Надо будет успокоить его; страшно видеть людей, которые собой владеть не умеют.
Нина Александровна. Да, да. А ведь я думала, что ты после вчерашнего, сердишься на него.
Елена. За что? Он был прав по-своему, совершенно прав. Я должна была ждать этой выходки: ведь он не кукла же наконец! Да в его словах и не было ничего обидного, в них было гораздо больше любви, чем упреков. Неизвестно, кто сильнее в это время страдал: я или он.
Нина Александровна. Все-таки не мешало ему быть деликатнее и не доводить тебя до обморока. Ты расстроилась и не спала всю ночь, бедная моя Лена!
Елена. Я привыкла не спать по ночам, а поутру — я сама не знаю зачем — я все слушала, не будет ли звонка в передней. Меня сначала удивило, а потом испугало, что он совсем не явился домой. Ах, как он меня любит, как сильны страсти у этих простых людей!
Нина Александровна. Тем лучше: значит, тебе только приласкать его немного, и он опять — твой покорный раб.
Елена. Без сомнения, я об этом и не беспокоюсь нисколько. Но у меня еще как-то не все ясно в голове; мне чего-то недостает, не хватает решительности и что-то мешает.
Нина Александровна. Я была бы очень рада, Лена, если б ты освободилась от дурных влияний.
Елена. Да, мама, я, кажется, освобожусь. Я много передумала и перечувствовала в эту ночь.
Нина Александровна. Слушайся более голоса сердца, Лена! Совесть, долг — не пустые слова. Кто думает их заглушить в себе, тот ни покоен, ни счастлив быть не может.
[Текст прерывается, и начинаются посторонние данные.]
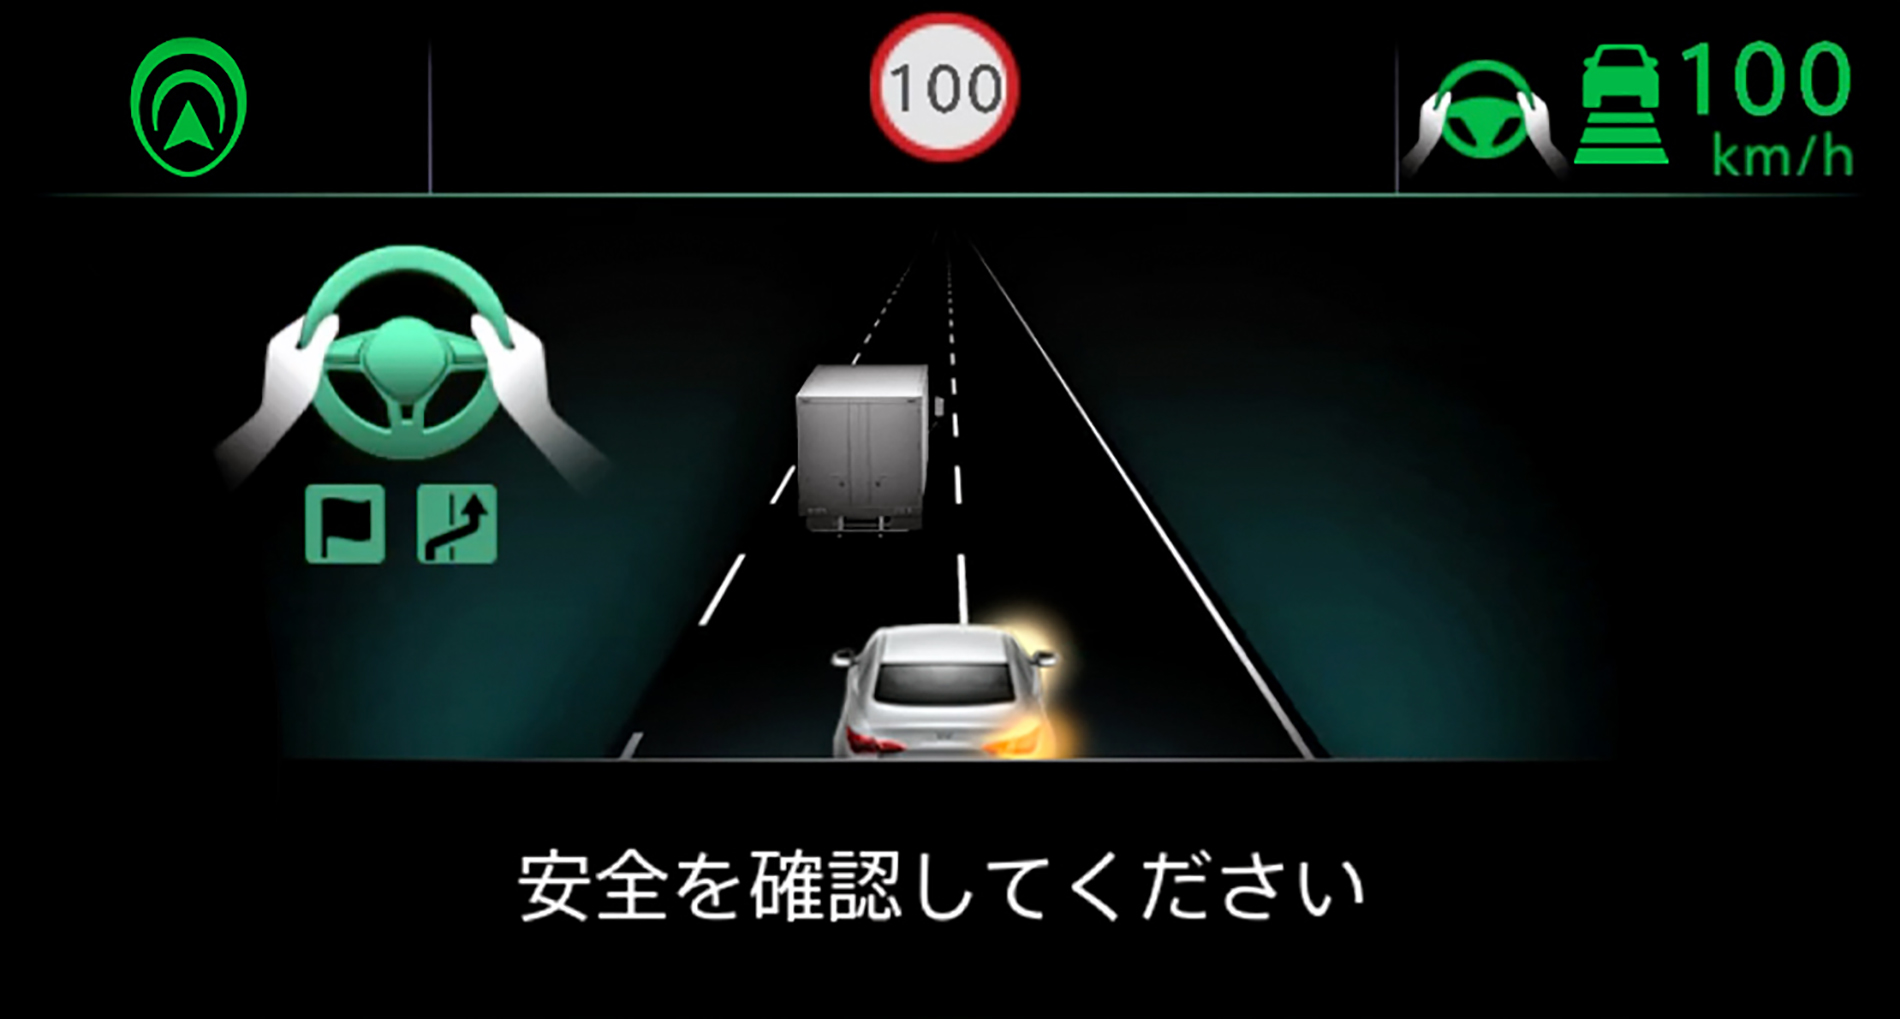 System wspomagania kierowcy w nowym Nissanie Skyline

Елена (подумав). Да, да, правда твоя.
Входит Прохор из средней двери с чемоданом.
Андрей Гаврилыч еще не бывал?
Прохор. Никак нет-с; они внизу, у Гаврилы Пантелеича, там и чай кушали.
Елена. А когда же он домой приехал?
Прохор. Да они вчера не поздно-с; только прошли другим ходом: не хотели звонить, чтобы вас не беспокоить.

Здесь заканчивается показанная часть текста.